Reporter : Poppy Setiawan
JAKARTA, Mattanews.co– Komisi Pemberantasan Korupsi (KPK) melakukan penangkapan terhadap Ketua DPRD Muara Enim, Ar dan mantan Kepada Dinas Pekerjaan Umum dan Perumahan Raktat (PUPR) Kabupaten Muara Enim, Ram. Hal tersebut merupakan pengembangan dari kasus suap proyek di Kabupaten Muara Enim yang dilakukan oleh Bupatinya Ahmad Yani.
“Penangkapan dua tersangka hasil pengembangan penyidikan kasus korupsi Kabupaten Muara Enim atas nama tersangka RS, dan AHB, tadi pagi, Minggu 26 april 2020 jam 07.00 WIB, dan 08.30 WIB di rumah tersangka di Palembang,” kata Ketua KPK Firli Bahuri di Jakarta, Minggu (26/04/2020) malam.
Penangkapan ini dilakukan usai penyidik memperoleh bukti yang cukup. Penangkapan kedua tersangka sudah berdasarkan hukum yang berlaku.
“Kita komitmen untuk melakukan pemberantasan sampai tuntas.

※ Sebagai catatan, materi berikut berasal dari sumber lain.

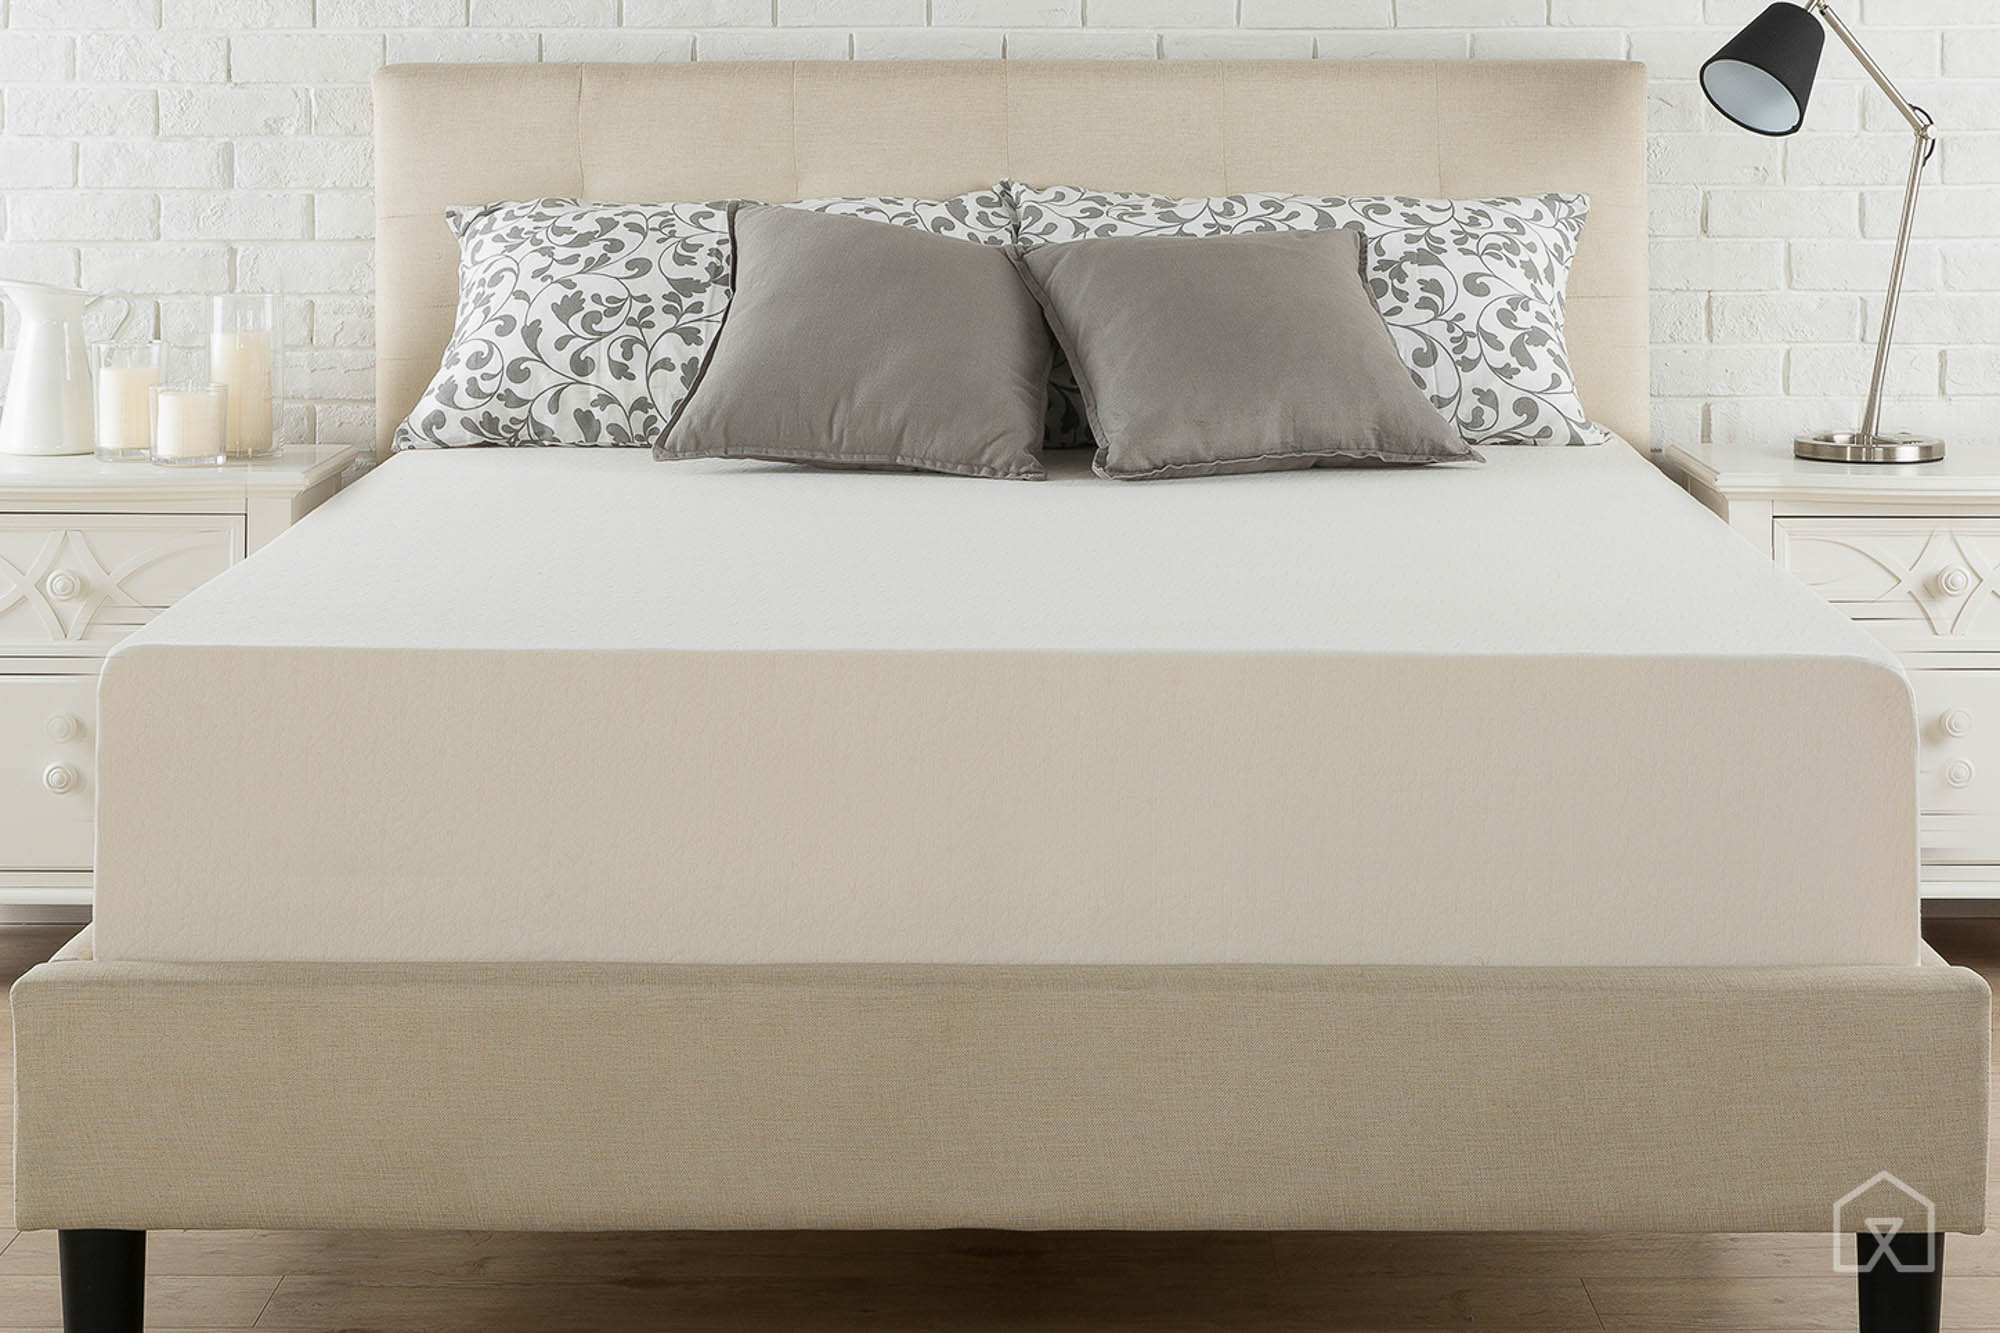 The best foam mattresses you can online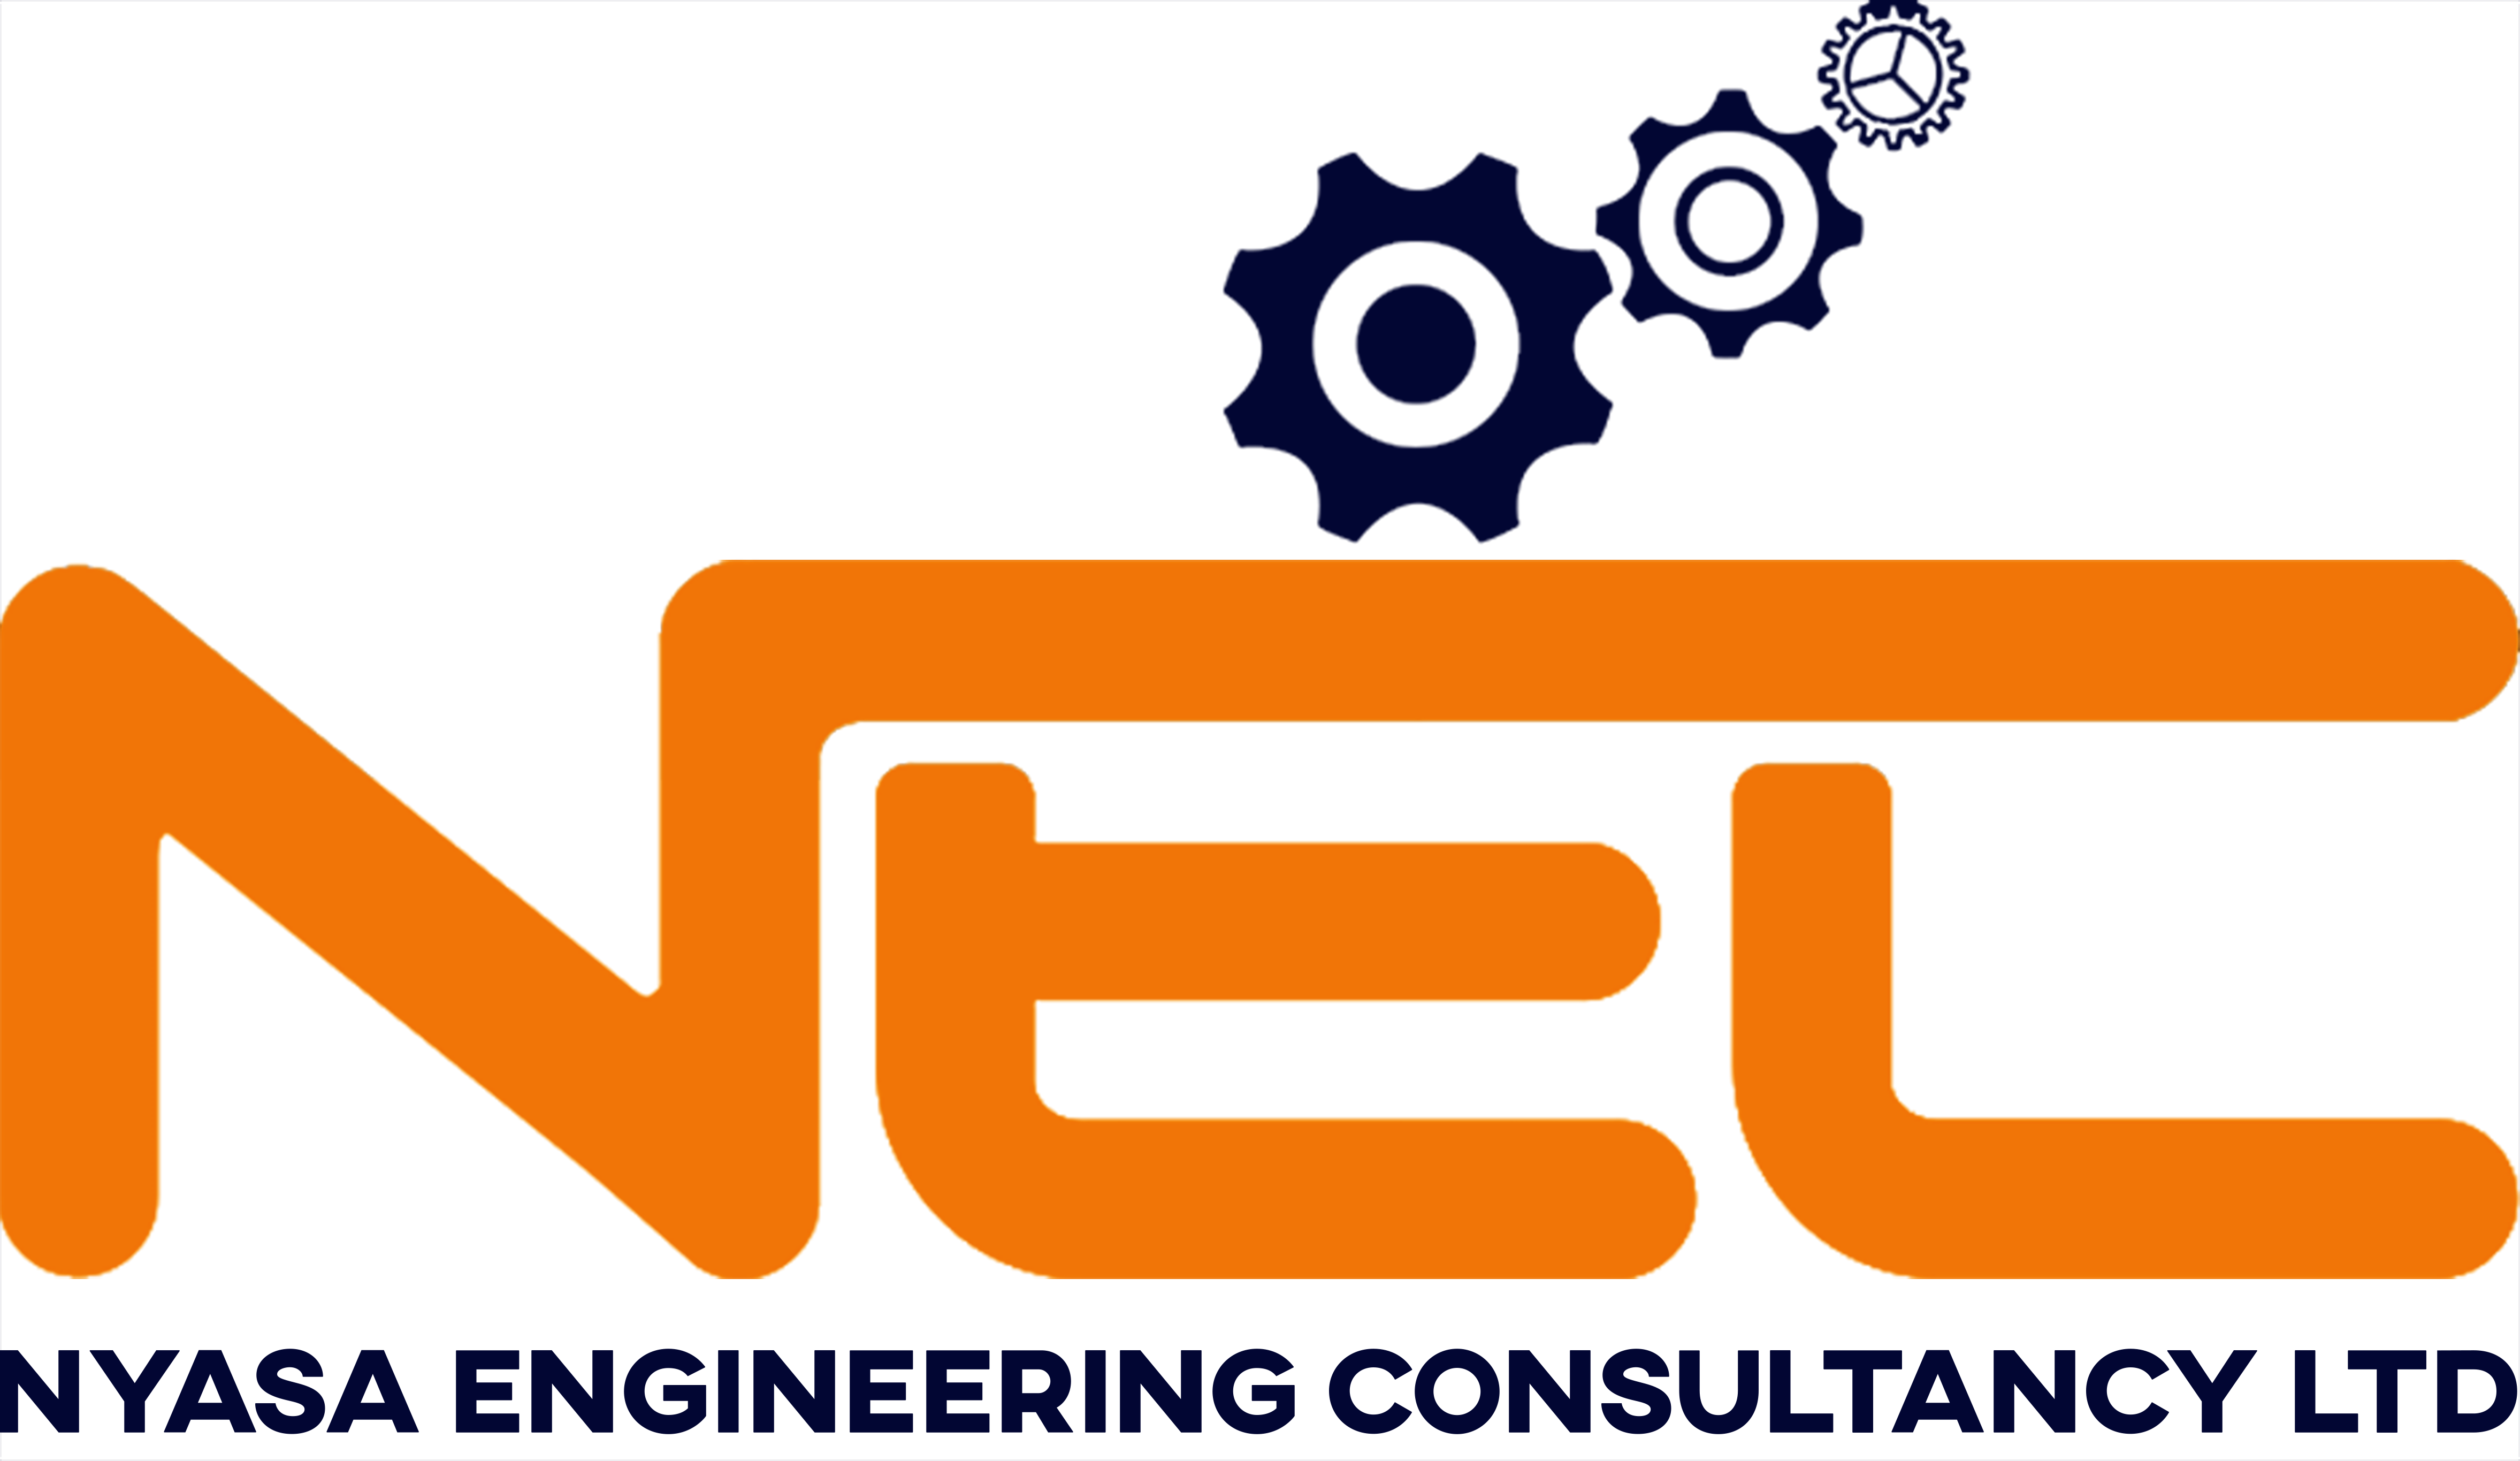 Nyasa Engineering Consultancy

Kita terus selesaikan perkara-perkara korupsi walau kita menghadapi bahaya Corona (covid-19). Tapi pemberantasan tidak boleh berhenti baik dengan cara pencegahan maupun penindakan,” ujar Firli.
Firli menuturkan penangkapan dilakukan pada Minggu (26/04/2020) pagi. Namun, dirinya tak menjelaskan lebih lanjut mengenai latar belakang identitas dua tersangka yang ditangkap.
“Tadi pagi Minggu tanggal 26 April 2020 pukul 07.00 WIB dan 08.30 WIB di rumah tersangka di Palembang,” tutur pria yang juga pernah menjadi Kapolda Sumatera Selatan tersebut.
“Hasil penyidikan diperoleh bukti yang cukup sehingga KPK melakukan penangkapan terhadap kedua tersangka tersebut,” sambungnya.
Dalam perkara ini, Ahmad Yani dituntut tujuh tahun penjara atas kasus dugaan suap proyek senilai Rp130 miliar pada sidang virtual yang diselenggarakan online oleh Pengadilan Tipikor Palembang, Sumatera Selatan, Selasa (21/04/2020).
Selain tuntutan pidana penjara, Yani pun dituntut denda Rp300 juta subsider enam bulan penjara dan wajib mengembalikan kerugian negara senilai Rp3,1 miliar. Jaksa Penuntut Umum Komisi Pemberantasan Korupsi (KPK) pun menuntut agar hak politik Yani dicabut.
“Terdakwa telah menyalahgunakan wewenang yang ada sebagai kepala daerah. Jadi hak politik yang dicabut adalah wewenang untuk dipilih atau maju kembali. Sedangkan untuk memilih tetap bisa,” ujar JPU KPK Roy Riyadi.